Anti-money laundering (AML) measures are heavily weighted toward the financial sector, but most criminals know this now. In response, they are turning to alternative—and often highly creative—ways to “legitimize” funds.
Laundering techniques include everything from “smurfing” large funds into multiple small instruments like money orders, processing funds through heavily cash-based businesses such as parking lots, car washes and casinos and using large amounts of cash for casino gambling. Buying or selling real estate or luxury goods (e.g. yachts) offers another relatively easy way to turn bad money into what appears to be good.
Then there are the more complex schemes, with carefully structured shell companies and trusts—usually based offshore.
Trade-Based Money Laundering
Trade-based money laundering (TBML) includes a whole range of schemes in which the fraudulent funds can be disguised by artificially inflating, or deflating, the value of goods and services invoiced.
There are significant challenges in dealing with just some of these schemes, and there are major gaps in the regulatory framework for designated non-financial businesses and professions (DNFBPs).
For almost any organization involved in international trade, TBML needs to be seriously considered from a risk and compliance perspective. The Global Financial Integrity organization has reported research that shows that TBML is by far the most common method of laundering money internationally, particularly for drug cartels, and involves more than a trillion dollars globally. Much of this takes place through simple methods such as over- or under-invoicing for goods and services.
How directly an organization is involved in such schemes depends on multiple factors—but there is a very real risk that most organizations are in fact involved. Fortunately, there are also some very important steps to take to mitigate that risk.
Learn the Indicators
Study the FATF report and take advantage of the resources available online from organizations like the Institute of Internal Auditors (IIA) to learn about some of the more typical money laundering schemes, red flags to look for, and what sort of activities your organization should be reporting.
The biggest challenge is what comes next: discovering whether those indicators exist in the business activities flowing through your organization.
Use Your Data
In more highly regulated industries, organizations rely heavily on data analytics to find the easy indicators of money laundering – flagging suspicious patterns and automatically reporting on major activities.
Yet, much more could be done to better understand money laundering risks – and that potential grows significantly when you move to industries that are less obviously risky, or when looking at less frequent or more complex money laundering schemes.
There are some relatively basic – yet effective – techniques for detecting TBML schemes, such as analyzing quantity and unit price to identify outliers and anomalies.
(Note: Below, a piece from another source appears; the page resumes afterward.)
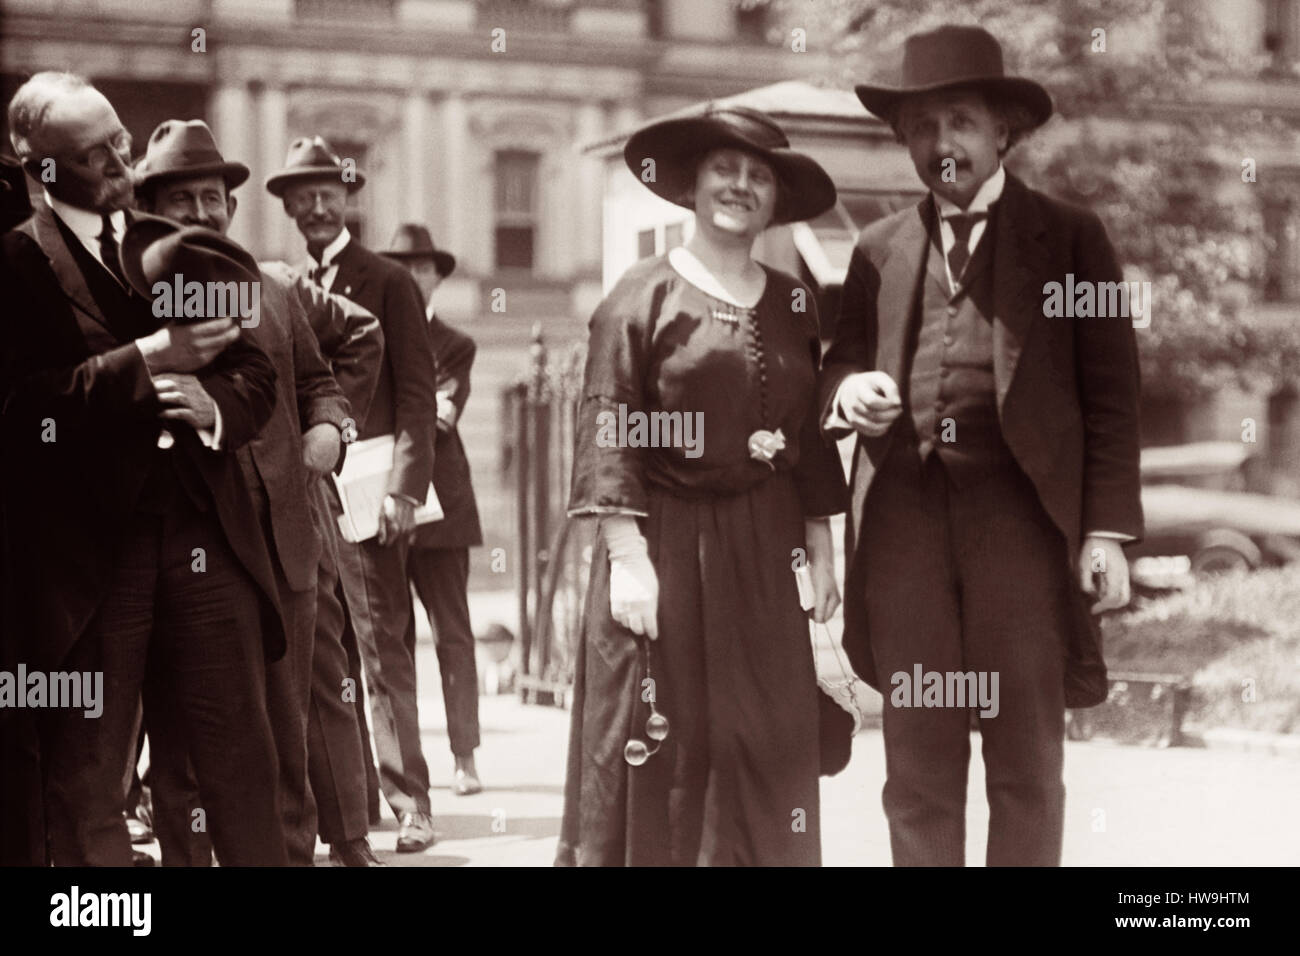 Albert Einstein et sa femme Elsa en face de l'État, la guerre, et la Marine Building à Washington, D.C. Au cours de leur voyage de 1921 aux États-Unis. 1921 est l'année Einstein a reçu le Prix Nobel de physique. Banque D'Images
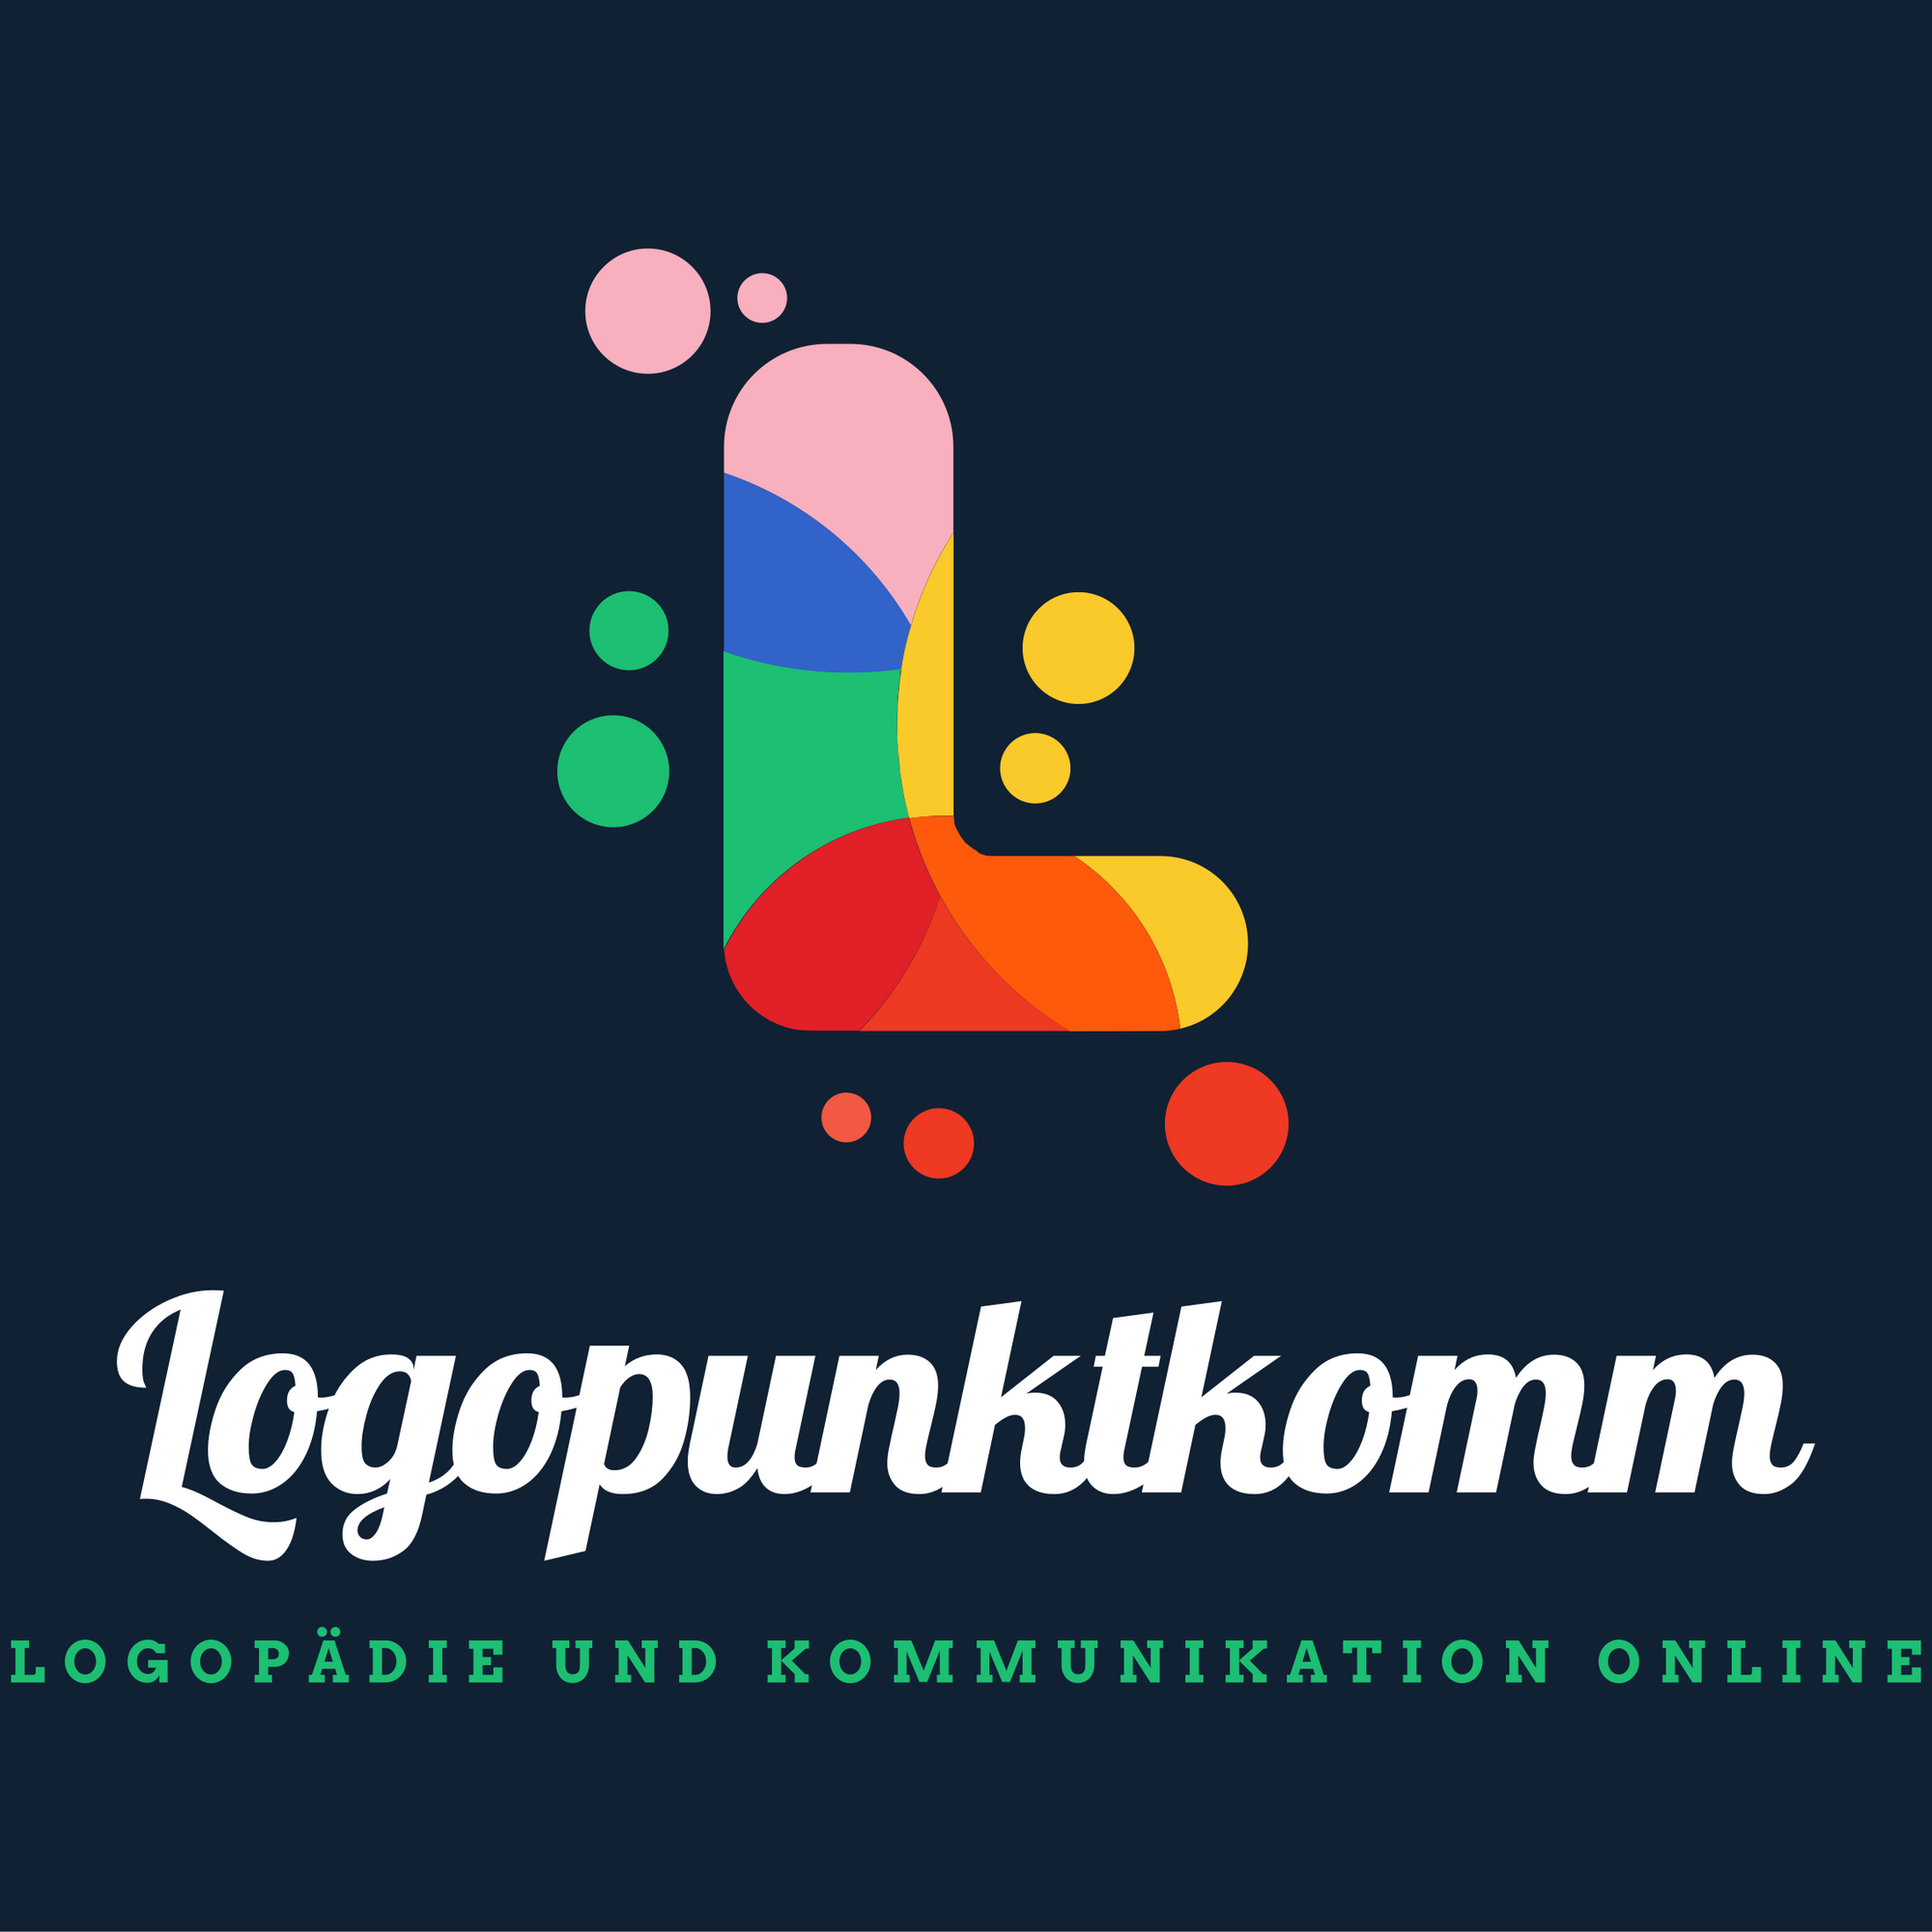 Bild 4 Logopunktkomm - Logopädie digital, innovativ und unkompliziert in Stuttgart

There are also methods for text and web analytics to match, for example, shipping or customs documentation with billing information and flag any suspicious matches or patterns.
Make it a Priority
How much effort should managers put into understanding and mitigating the risks of money laundering in their organizations?
The easy answer is none – simply ignore the risks and assume regulatory authorities are too busy to notice.
However, there is a big-picture issue to be considered here: Criminal activities and the various means of money laundering undermine the integrity of business, financial and social structures around the world – not to mention they come with serious financial and reputational risks.
The opportunity for fraud is just one of the three sides of the Fraud Triangle (the other two being pressure and incentive), and it’s one of the most difficult to eliminate. However, as traditional as it may sound, building a corporate culture with a zero-tolerance policy for fraud will deter behavior and stop small-scale fraudsters from becoming major threats to your business – and it starts with management and boards.
Most business leaders would love a major news story – but if a headline accusing their organization of money laundering is not the story you have in mind, it’s probably time to start taking anti-money laundering seriously.